In [ ]:
%matplotlib inline
import matplotlib.pyplot as plt
import numpy as np

from sklearn import datasets
from sklearn.decomposition import PCA

Generate a dataset


In [ ]:
xy = np.random.multivariate_normal([0,0], [[10,7],[7,10]],1000)
plt.plot(xy[:,0],xy[:,1],"o")
plt.show()

Create a Principle Component Analysis (PCA) object

What is n_components?


In [ ]:
pca = PCA(n_components=2)

num_components is the number of axes on which you spread the data out. You can only have as many components as you have axes (2 in this case).

Fit the axes

What does the following code do?


In [ ]:
xy_pca = pca.fit(xy)

Does the PCA, finding the primary axes of variation.


In [ ]:
plt.plot(xy[:,0],xy[:,1],"o")

scalar = xy_pca.explained_variance_[0]
plt.plot([0,xy_pca.components_[0,0]*scalar/2],[0,xy_pca.components_[0,1]*scalar/2],color="red")
plt.plot([0,-xy_pca.components_[0,0]*scalar/2],[0,-xy_pca.components_[0,1]*scalar/2],color="red")

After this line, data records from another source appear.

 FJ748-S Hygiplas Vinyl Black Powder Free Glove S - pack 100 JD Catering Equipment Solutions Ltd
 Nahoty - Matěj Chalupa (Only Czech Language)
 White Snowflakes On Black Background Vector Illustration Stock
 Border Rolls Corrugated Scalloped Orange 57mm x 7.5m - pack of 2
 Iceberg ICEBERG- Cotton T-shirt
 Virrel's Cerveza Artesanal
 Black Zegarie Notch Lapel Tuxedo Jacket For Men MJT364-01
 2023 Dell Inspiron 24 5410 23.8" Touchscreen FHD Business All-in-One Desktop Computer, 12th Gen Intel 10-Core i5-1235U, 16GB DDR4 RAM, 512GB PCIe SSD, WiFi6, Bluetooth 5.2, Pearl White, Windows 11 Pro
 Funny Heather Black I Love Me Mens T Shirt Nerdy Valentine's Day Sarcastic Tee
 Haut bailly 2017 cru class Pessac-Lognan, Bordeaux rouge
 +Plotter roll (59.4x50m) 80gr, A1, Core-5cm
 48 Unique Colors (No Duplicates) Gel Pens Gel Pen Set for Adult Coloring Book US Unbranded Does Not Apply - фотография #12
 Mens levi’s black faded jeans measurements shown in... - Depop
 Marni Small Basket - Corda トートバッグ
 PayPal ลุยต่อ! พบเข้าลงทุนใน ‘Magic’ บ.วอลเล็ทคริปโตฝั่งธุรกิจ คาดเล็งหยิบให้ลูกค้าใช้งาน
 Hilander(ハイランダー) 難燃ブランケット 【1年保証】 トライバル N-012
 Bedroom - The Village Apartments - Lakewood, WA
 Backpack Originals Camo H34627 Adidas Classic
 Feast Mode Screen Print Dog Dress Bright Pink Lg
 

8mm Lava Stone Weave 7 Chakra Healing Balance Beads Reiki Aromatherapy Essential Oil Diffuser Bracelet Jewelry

scalar = xy_pca.explained_variance_[1]
plt.plot([0,xy_pca.components_[1,0]*scalar/2],[0,xy_pca.components_[1,1]*scalar/2],color="yellow")
plt.plot([0,-xy_pca.components_[1,0]*scalar/2],[0,-xy_pca.components_[1,1]*scalar/2],color="yellow")

What does the following do?


In [ ]:
xy_trans = xy_pca.transform(xy)

Transforms x and y onto the PCA axes.


In [ ]:
fig, ax = plt.subplots(1,2,figsize=(10,5))
ax[0].plot(xy[:,0],xy[:,1],"o")
ax[0].set_xlabel("x")
ax[0].set_ylabel("y")
ax[0].set_xlim((-15,15)); ax[0].set_ylim((-15,15))
ax[1].plot(xy_trans[:,0],xy_trans[:,1],"o")
ax[1].set_xlabel("PCA1")
ax[1].set_ylabel("PCA2")
ax[1].set_xlim((-15,15)); ax[1].set_ylim((-15,15))
plt.show()

What does the following do?


In [ ]:
print("Variation explained:")
print("First component: {:.3f}".format(xy_pca.explained_variance_ratio_[0]))
print("Second component: {:.3f}".format(xy_pca.explained_variance_ratio_[1]))

Describes how much variation each PCA axis captures.

Informally: if you only included the first component in a predictive model, the $R^{2}$ between you prediction and reality would be 0.85.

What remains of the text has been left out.